(SUPPLIED DATA)
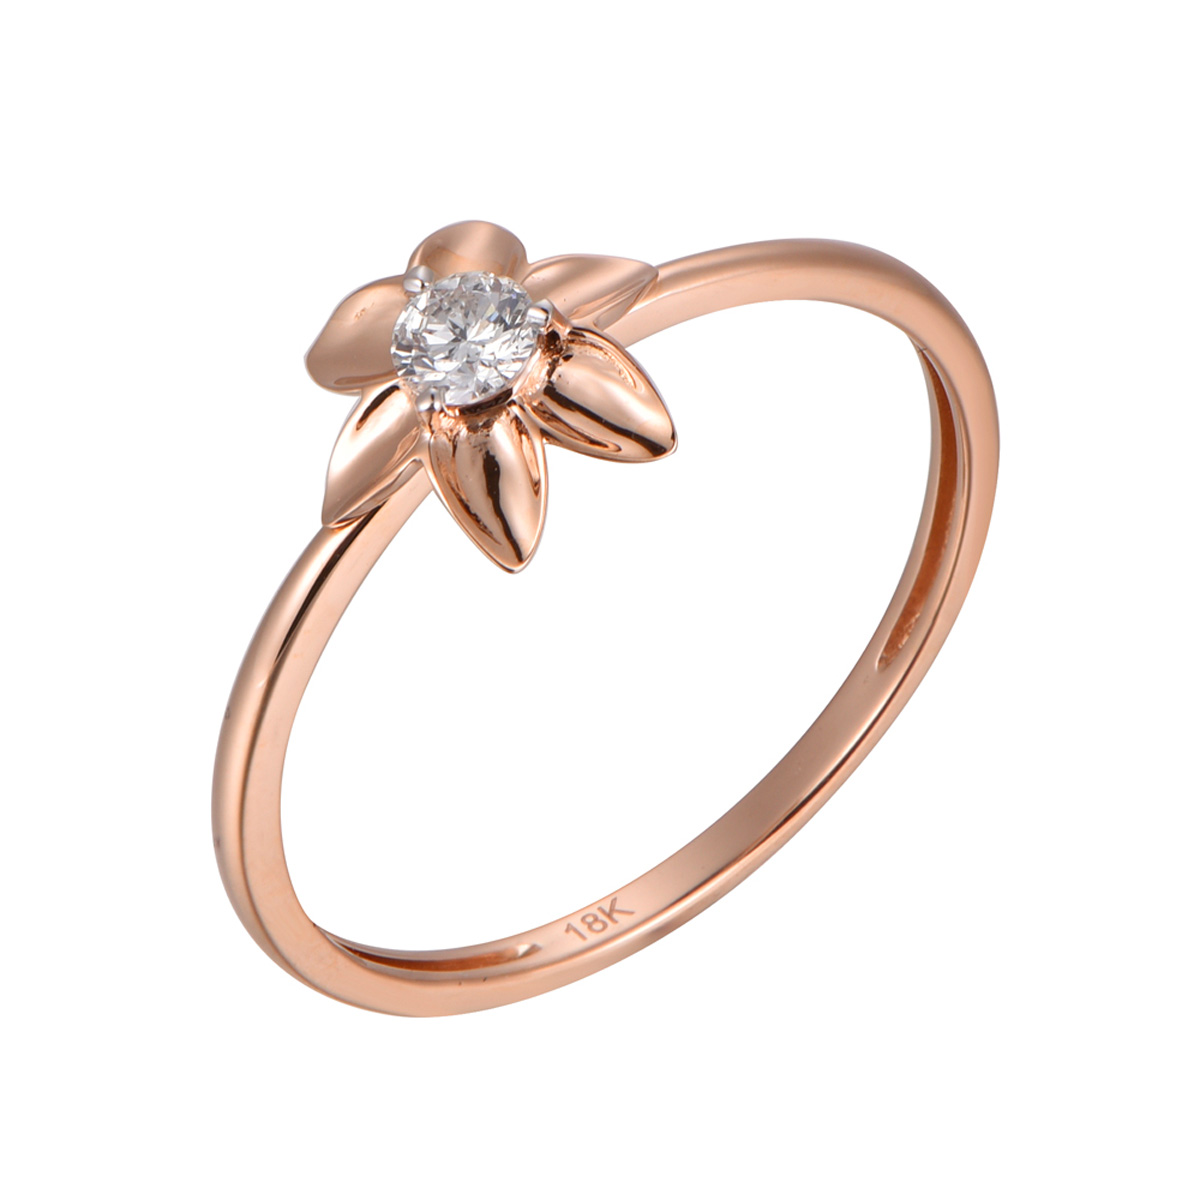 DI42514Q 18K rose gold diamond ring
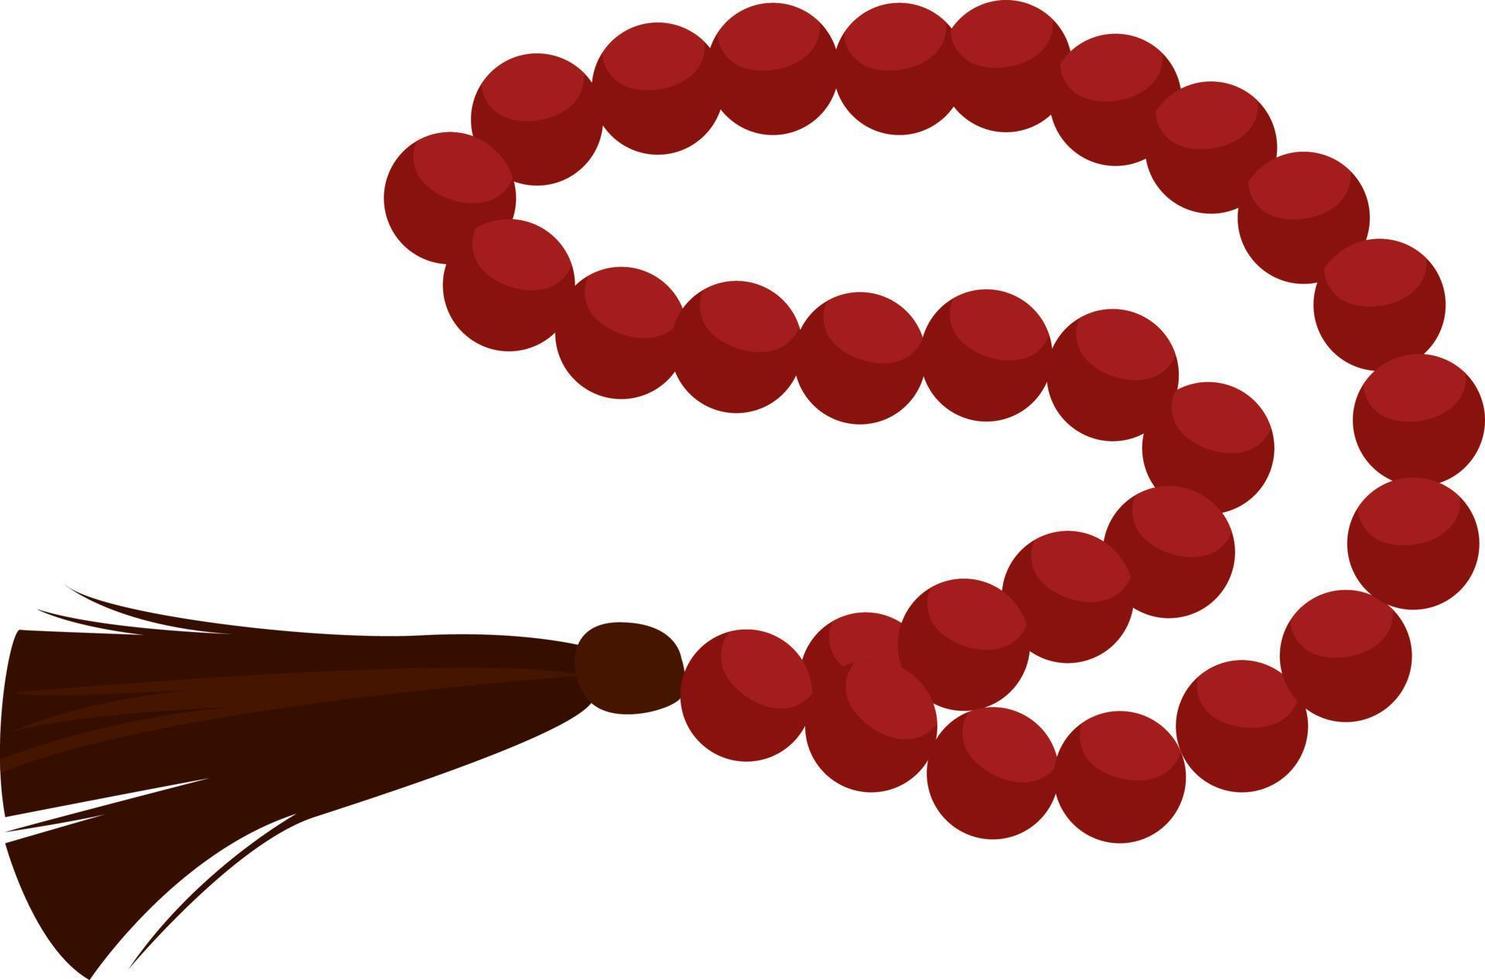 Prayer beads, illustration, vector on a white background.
(End SUPPLIED DATA)
(SUPPLIED DATA)
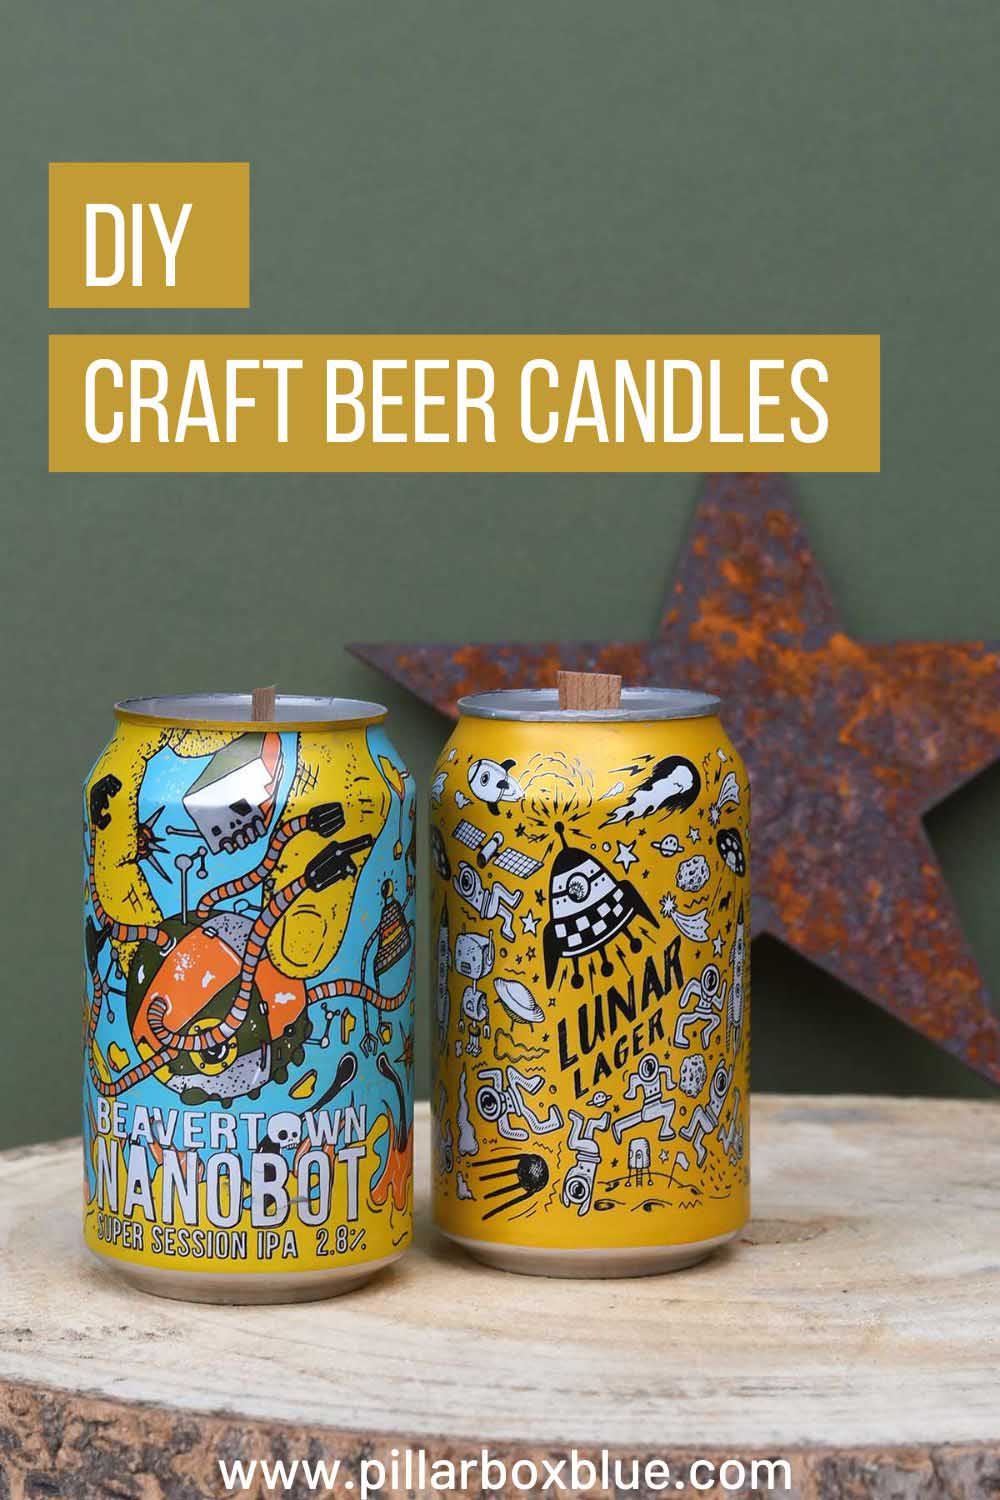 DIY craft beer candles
(End SUPPLIED DATA)
EXERCISE BRIEF: Starting at the line containing "DI42514Q 18K rose gold diamond ring" and stopping at the line containing "Prayer beads, illustration, vector", output every line above exactly, both ends included, with pictures omitted.

ANSWER SECTION:
 DI42514Q 18K rose gold diamond ring
 Prayer beads, illustration, vector on a white background.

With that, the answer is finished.